Buradasınız
Bahis Oyunu Aslında Kimin Oyunu?
Fabrikalarda, işyerlerinde şans ve bahis oyunları oynayarak “kolay yoldan para kazanma” hayaline kapılan işçilerin sayısı giderek artıyor. “Bahis oyunlarıyla çok para kazananların” hikâyeleri kulaktan kulağa yayılsa da etrafımızda böyle işçileri değil, bahis oyunları nedeniyle borç batağına girmiş, durumu daha da kötüleşmiş işçileri görüyoruz. Bu tuzağa düşüp de elindeki üç kuruştan olan, arabasını ya da evini satan, kredi çeken hatta eşiyle arası bozulup boşanma aşamasına gelen arkadaşlarımız var. Peki, bahis oyunlarının işçileri bataklığa sürüklediği örnekleriyle ortada olmasına rağmen nasıl oluyor da bu tuzağa düşenlerin sayısı her geçen gün artıyor?
Bahis oyunlarına yönelen işçilerin sayısının artmasıyla ekonominin kötüleşmesi arasında doğrudan bir bağ var. Hayat pahalılığı, enflasyon karşısında reel ücretlerin erimesi, ekonomik yıkımın faturasının emekçilere kesilmesi büyüyen yoksulluğu beraberinde getiriyor. Geçinebilmek, ihtiyaçlarını karşılayabilmek derdinde olan işçiler çalışarak kazandıkları para yetmeyince başka arayışlara girebiliyorlar. Örgütlenerek, mücadele ederek hakkını alma bilinci zayıf kaldığı için yaşanan sorunlardan kurtulmak adına bireysel çareler arıyorlar. Örneğin sendikalaşmak yerine iki iş yapmak, fabrikadaki koşulları değiştirmek için birleşmek yerine iş değiştirmek gibi… Ve yine böylesi dönemlerde şans oyunları, çeşitli bahis oyunları işçiler arasında yaygınlaşıyor.
Karşımızda muazzam paraların döndüğü dev bir sektör var: Bahis ve şans oyunları sektörü... Sadece spor bahislerinin 2023 yılındaki küresel piyasa değeri 700 milyar dolara ulaşmış durumda.
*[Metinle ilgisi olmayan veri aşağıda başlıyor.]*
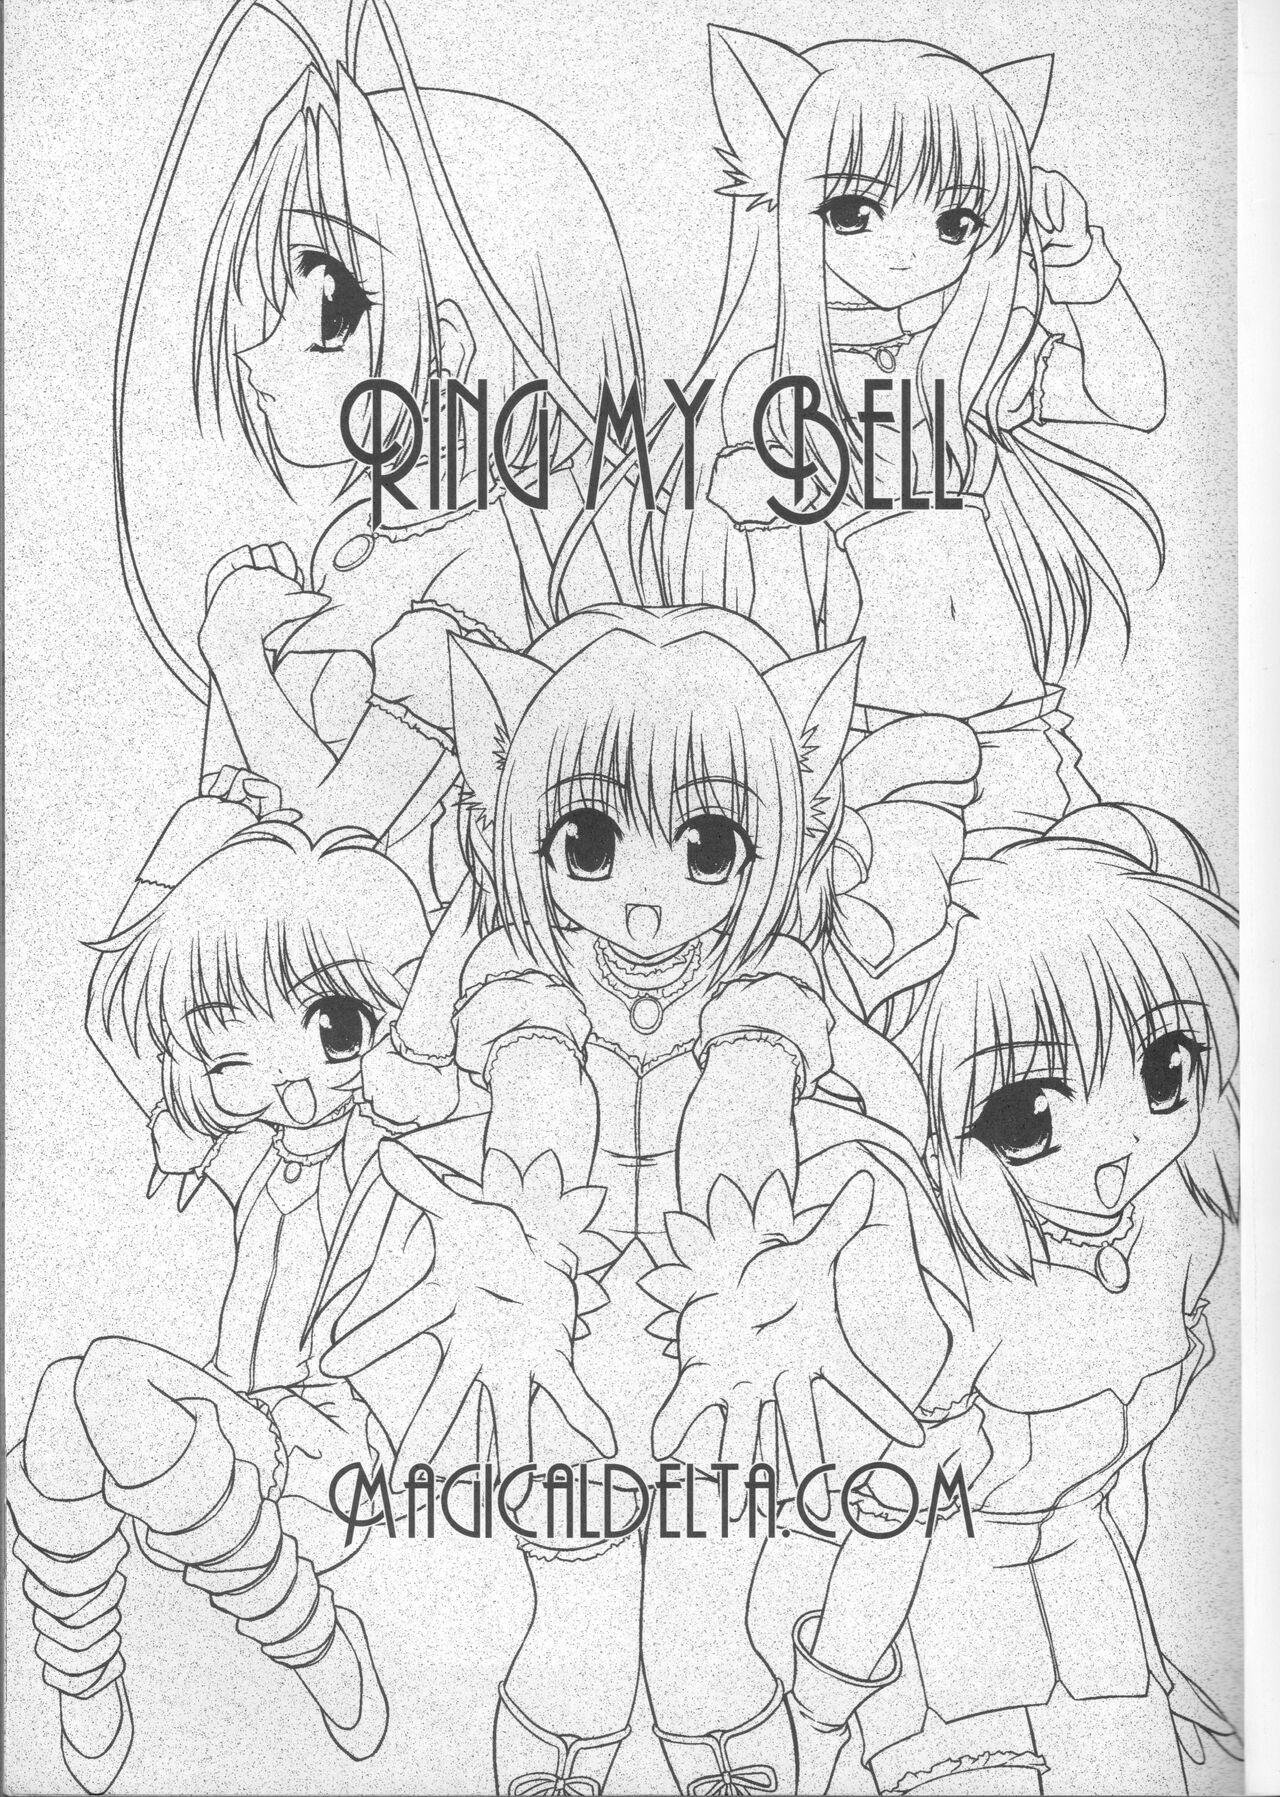 Neighbor Ring My Bell - MAGICALDELTA.COM - Tokyo mew mew | mew mew power Secret - Page 2

Aynı yıl Türkiye’deki bahis oyunlarının yıllık gelirinin yaklaşık 6 milyar dolar olduğu tahmin ediliyor. Yani ortada oldukça kârlı devasa bir pasta var ve bir avuç rantçı zengin bu pastayı aralarında bölüşüyor. Bahis tuzağına çekilen yüz milyonlarca emekçi ise kırıntılarla oyalanıp borç batağına sürükleniyor. Örneğin Türkiye’de 7 milyon kişinin şans ve bahis oyunları oynadığı belirtiliyor ki bunun büyük bölümünü işçi ve emekçiler oluşturuyor. İşçilerin ücretlerini yükseltmek için birlik olmasını, mücadele etmesini istemeyen patronların da işine geliyor bu durum. Örgütlenen, sendikalaşan işçiler işten atılıyor, mobbinge uğruyor, tehdit ediliyorlar. Ama bahis oynayan işçiler patronlar için sorun teşkil etmiyor! Bu işçilerin yuvası mı yıkılmış, arkadaşlarıyla, aileleriyle arası mı bozulmuş patronlar için hiçbir önemi yok. Yeter ki ses çıkarmadan çalışsınlar, düşük ücretlere ve kölece çalışma koşullarına boyun eğsinler!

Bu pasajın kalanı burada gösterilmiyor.